Time to mindfully detox.. no diets allowed. Change your portions and the quality of foods you eat... seriously, you get a chance to lead without resentment here, but in the kitchen. Can the fried stuff completely... seriously, no take out anythings, no processed fried stuff... cut out the processed sugars and cut back the salt for 30 days. Steam ALL your veg, grains and seeds like quinoa, brown rice and starches like small red potatoes (just one with your meal, not four), whole grain non-GMO pastas, roasted chicken and broiled fish with a once or twice a week red-meat holiday... maybe a lean pork, ham, or beef but portioned right and fats trimmed.

And walk... walk your mindful backside off! Great for the mind and soul, wonderful self-reflection time.

I'd bet you your next dinner out you see three-five pounds gone the first month...

When I hear the word "trapped" I always think of the Eagles and a line from one of their songs... "So often times it happens, that we live our lives in chains... and we never even know we have the key". This is so true... and true here. 

Do not bring any children into this until you have balanced out your life... you dwell on being single out of no other need than to remove the challenges of living with someone, and that takes work... not escapism. The more you want to run away, the easier it looks... as I mentioned in the beginning, it's all downhill and running makes it seam easier because once you pick up momentum, you travel fast... but your balance is off and we all know what happens when downhill at full pace... balance is lost and the slightest stumble send us crashing to the ground with skinned souls and broken selfs... then at the bottom bruised and hurt we have to pick ourselves back up and walk back up that hill.

You need to find you without incurring all that bruising...the best way to do that is avoid the downhill path.

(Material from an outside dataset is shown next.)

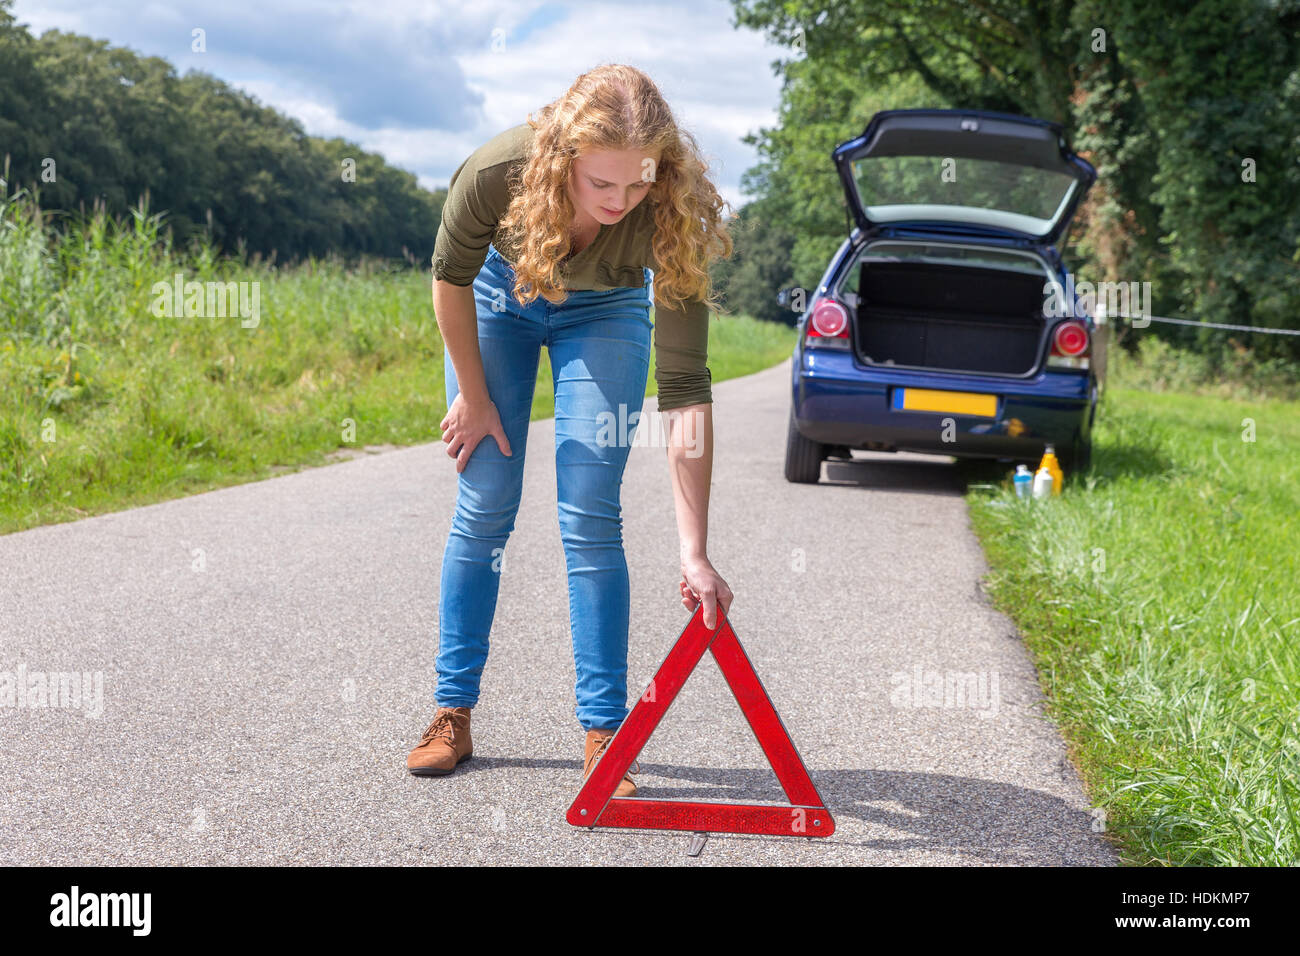 Europeo teenage girl collocando il triangolo di segnalazione sulla strada di campagna Foto Stock
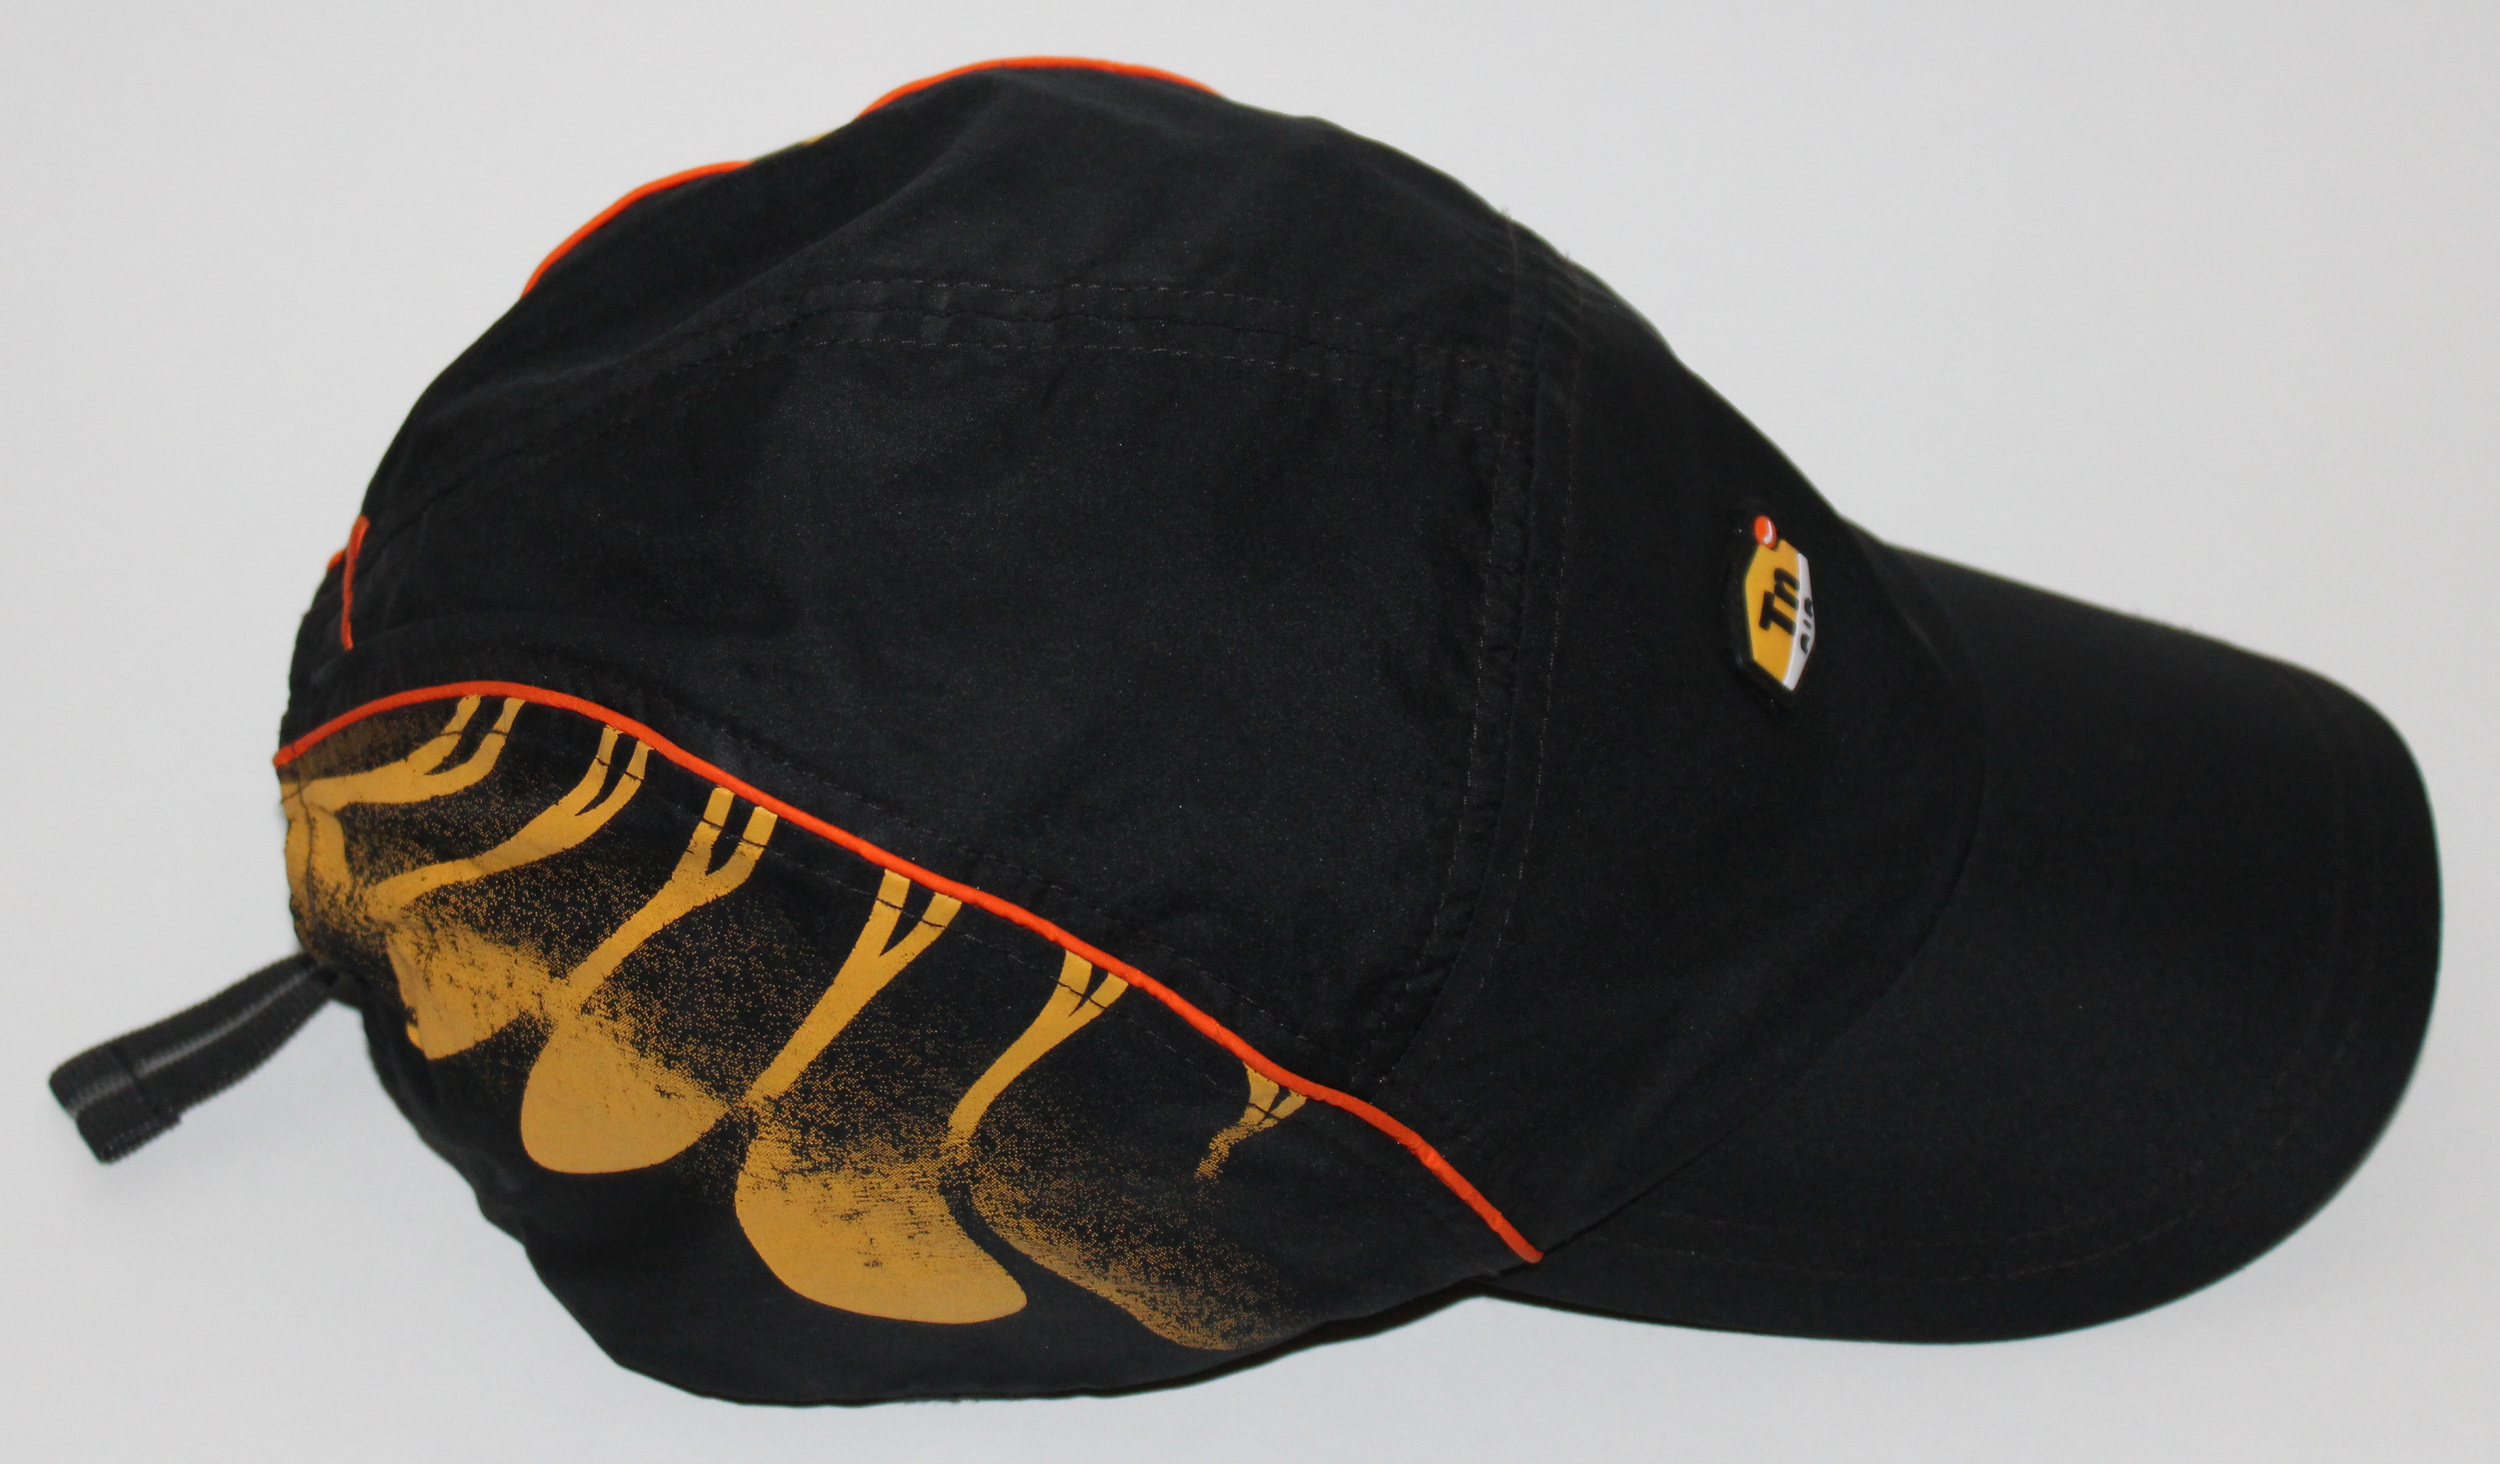 malicioso Terapia Grapa Nike (TN) Tuned Air Max Plus 5 Panel Hat Black/Orange — Roots

I'm sure my sharing is know for recommending the value of meditation... lucky you! 

Seriously... you are missing out on so much by missing the calm moments you create and control in your life. You think you are calm when she isn't there, but it is a substitution for real calm as that calm should be there whether she is there or not... and that's all you to own. Want the simple guide? Buddha in Blue Jeans, it's even free for Kindle... please consider it.

Accept your weaknesses... there is no shame in seeing yourself where you truly are, struggling in your relationship. We all struggle at times, for many reasons... like you, we have the key... using it is choice.

Choose wisely... believe in your ability to implement the change you want to be and seek counseling if that path has more rocks than you can clear yourself.

Believe in yourself... and be with peace on that journey there.


----------